Data excerpt:
··········
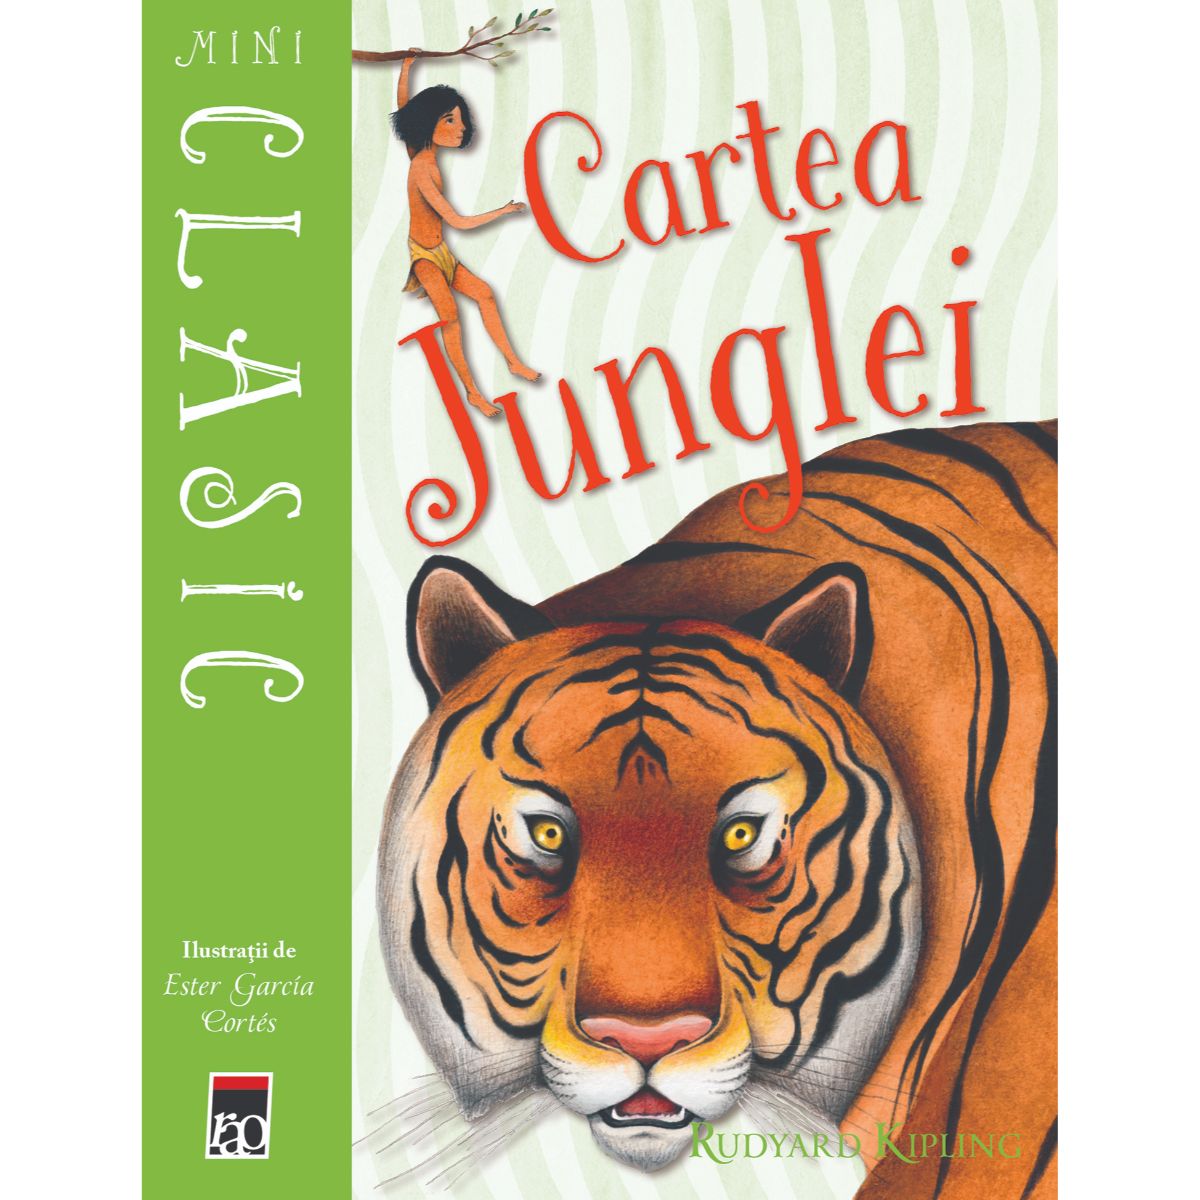 Mini Clasic. Cartea junglei, Rudyard Kipling Carti pentru copii 2023-06-02
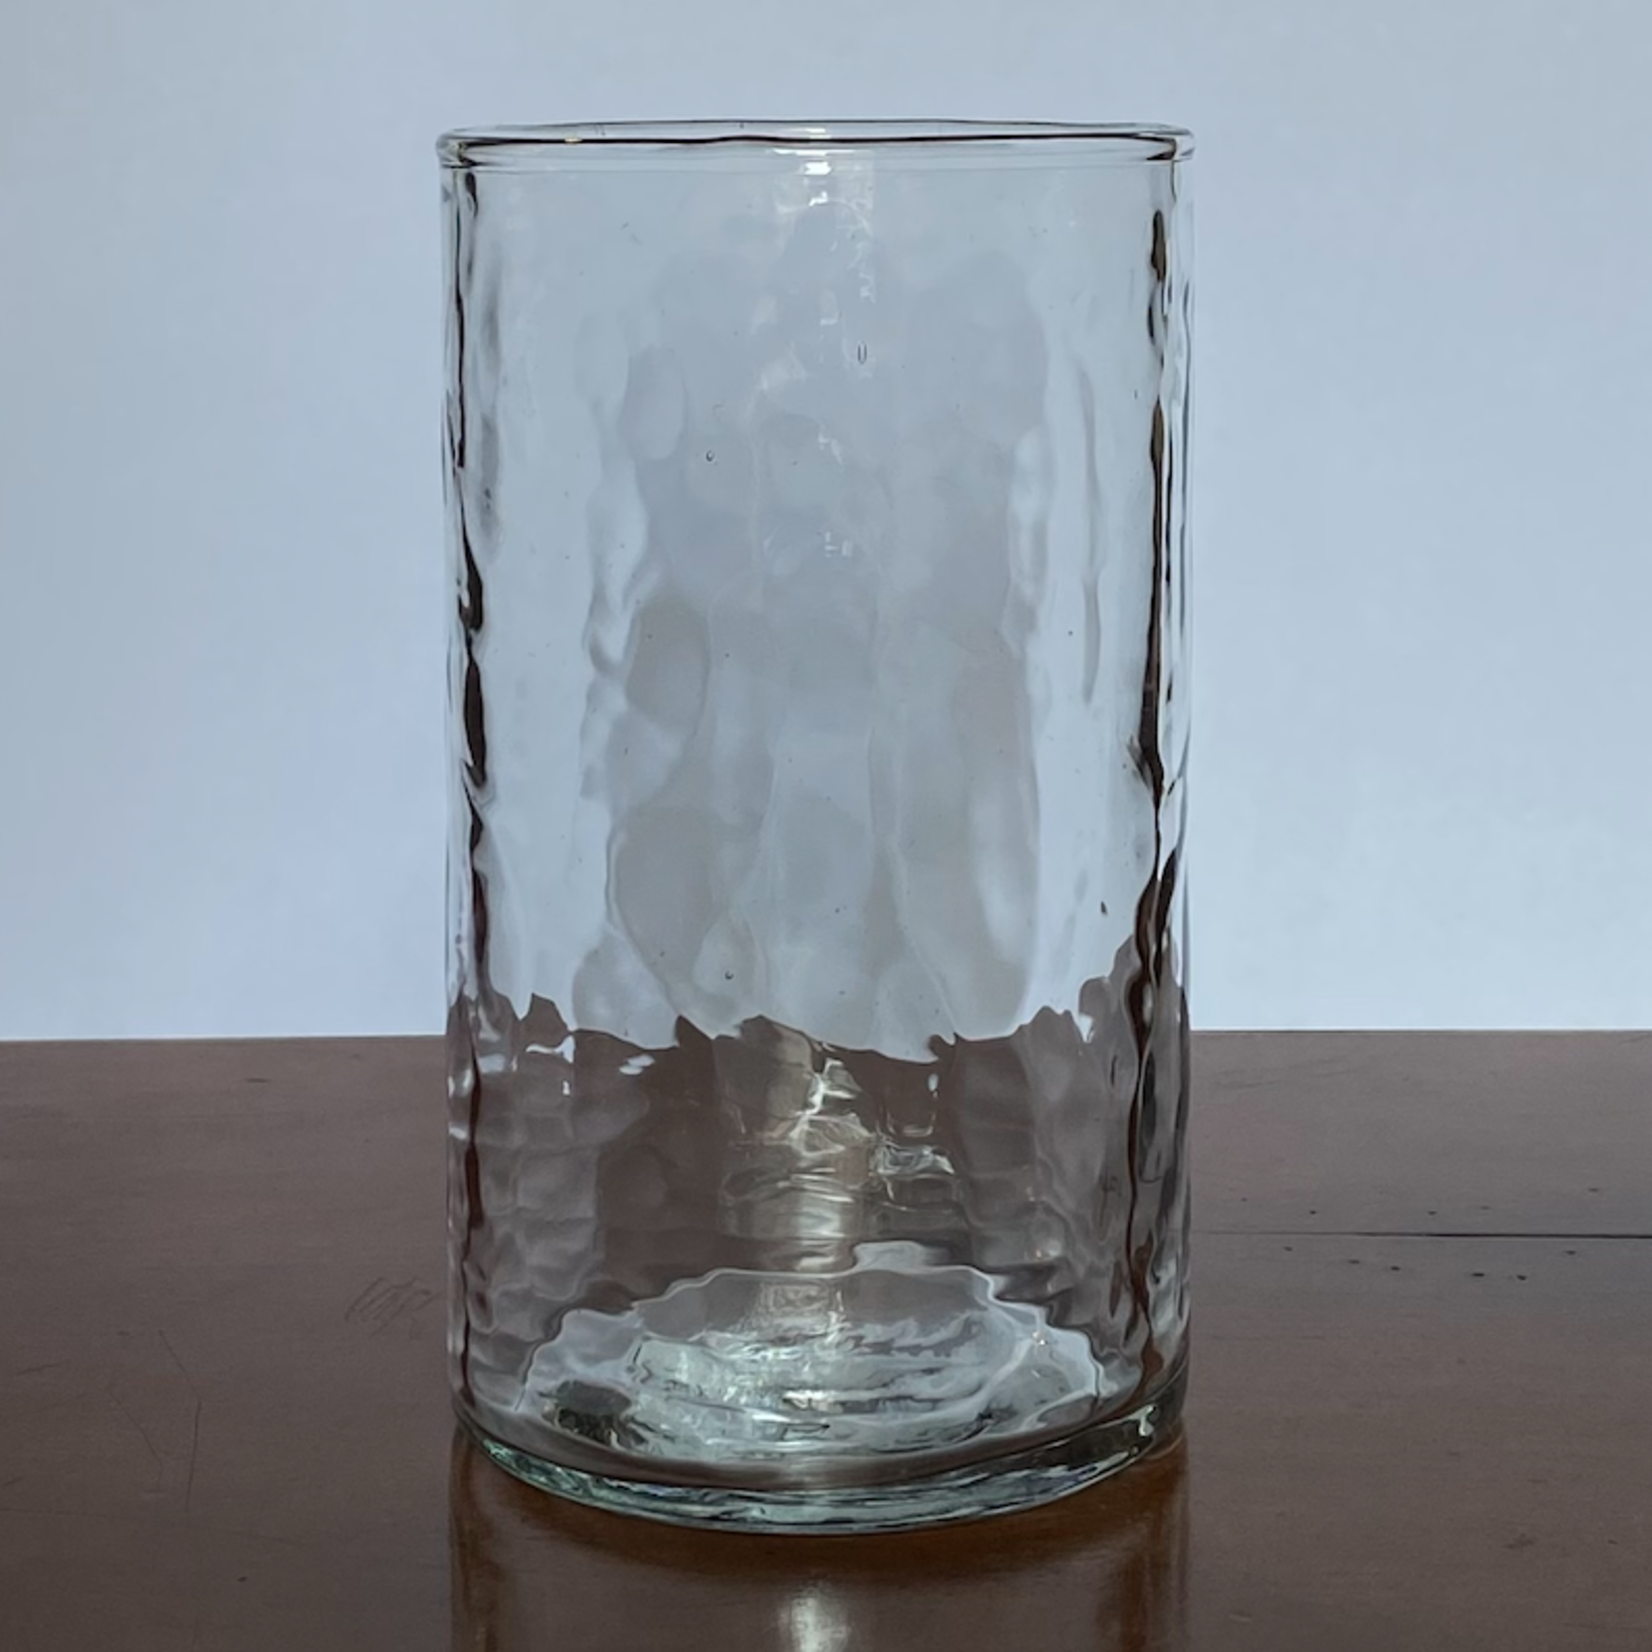 CHEHOMA HAMMERED GLASS TUMBLER LAVANDOU
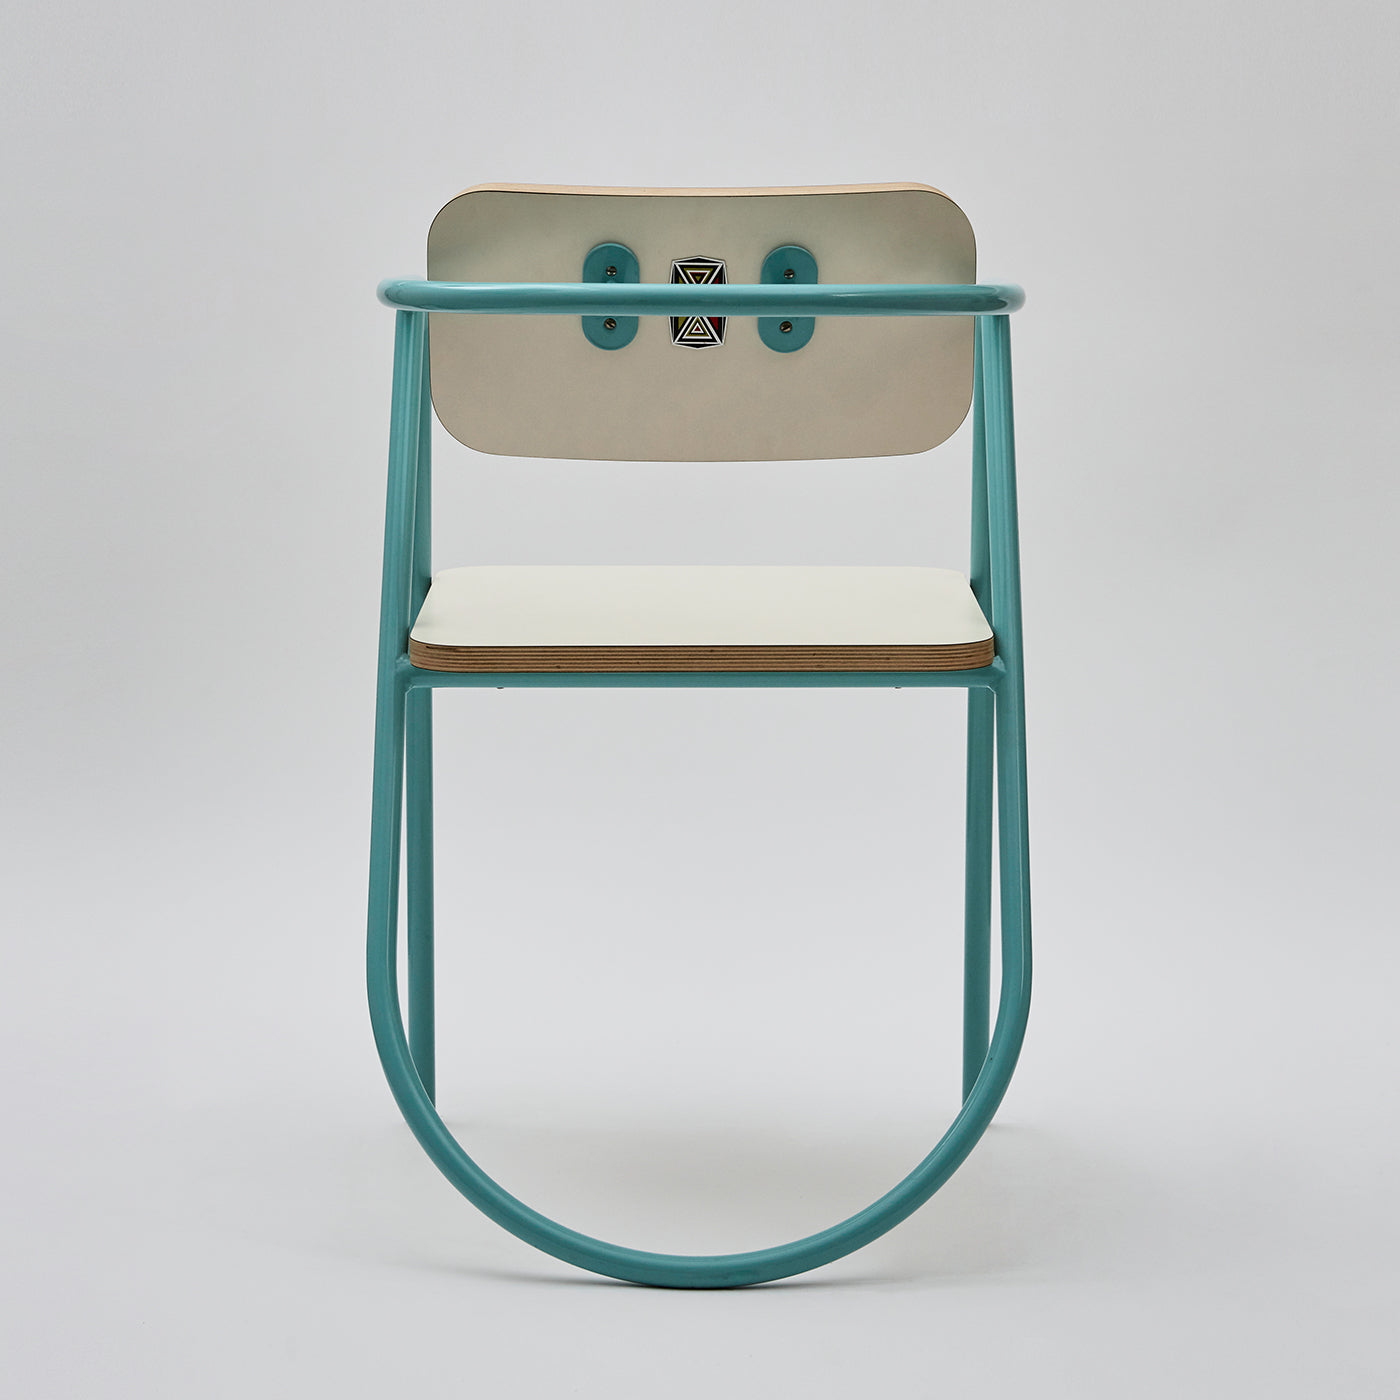 La Misciù Light-Blue Chair - Alternative view 1
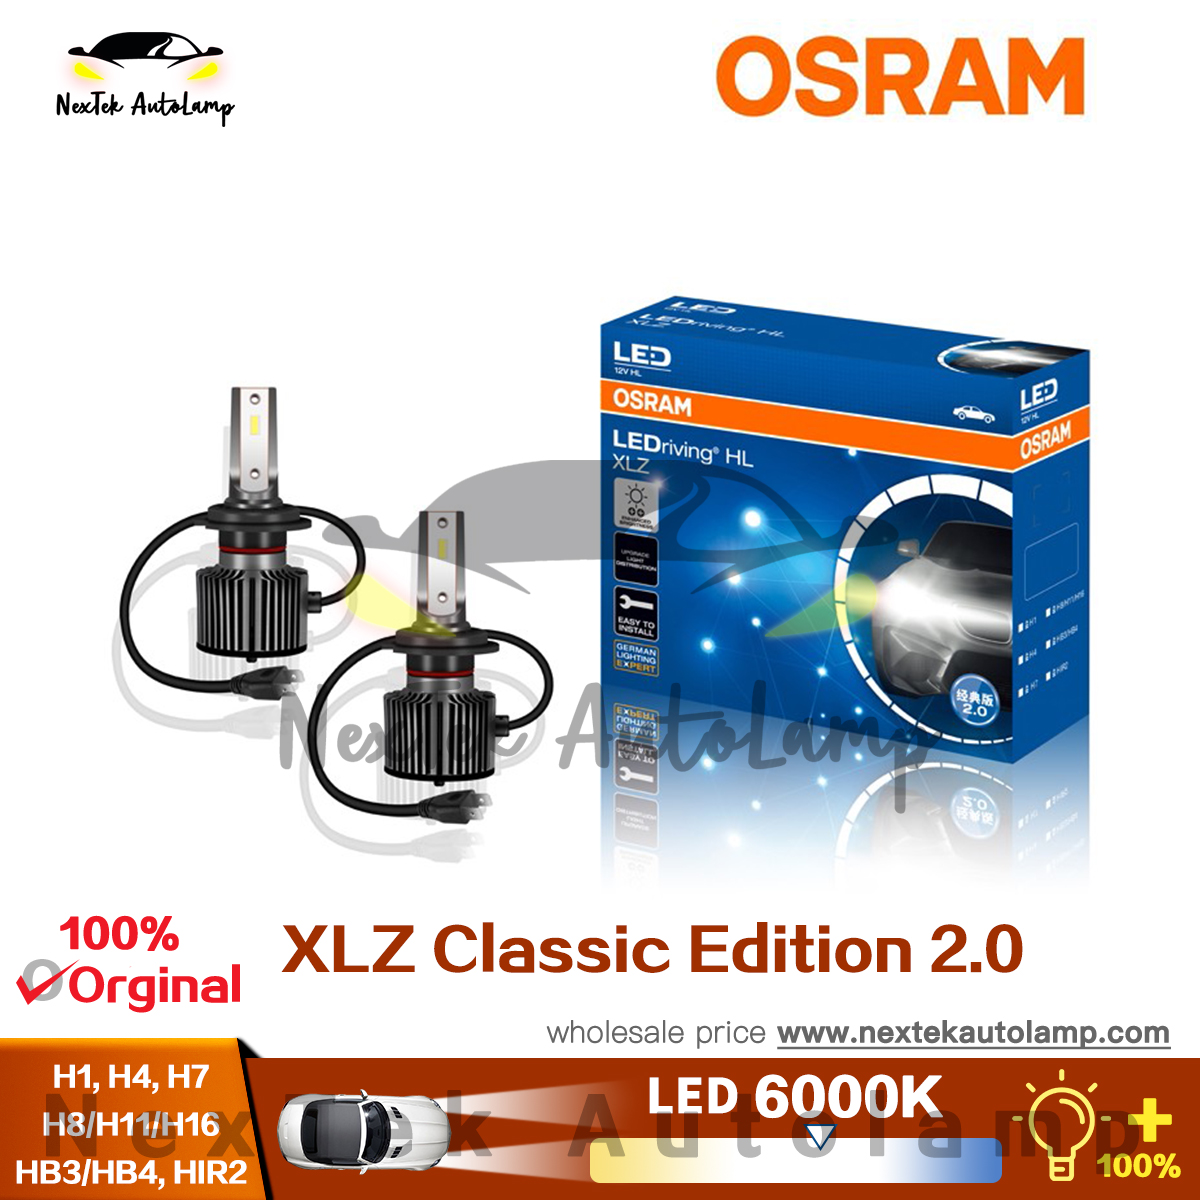 OSRAM XLZ Classic 2.0 LED H1 H4 H7 H8 H11 H16 HB3 HB4 HIR2 6000K Car Auto  Headlight Quick Start Germany LEDrving
··········
Exercise directions:
Leave the images out as you retype each line of the material exactly.

Expected answer:
 Mini Clasic. Cartea junglei, Rudyard Kipling Carti pentru copii 2023-06-02
 CHEHOMA HAMMERED GLASS TUMBLER LAVANDOU
 La Misciù Light-Blue Chair - Alternative view 1
 OSRAM XLZ Classic 2.0 LED H1 H4 H7 H8 H11 H16 HB3 HB4 HIR2 6000K Car Auto  Headlight Quick Start Germany LEDrving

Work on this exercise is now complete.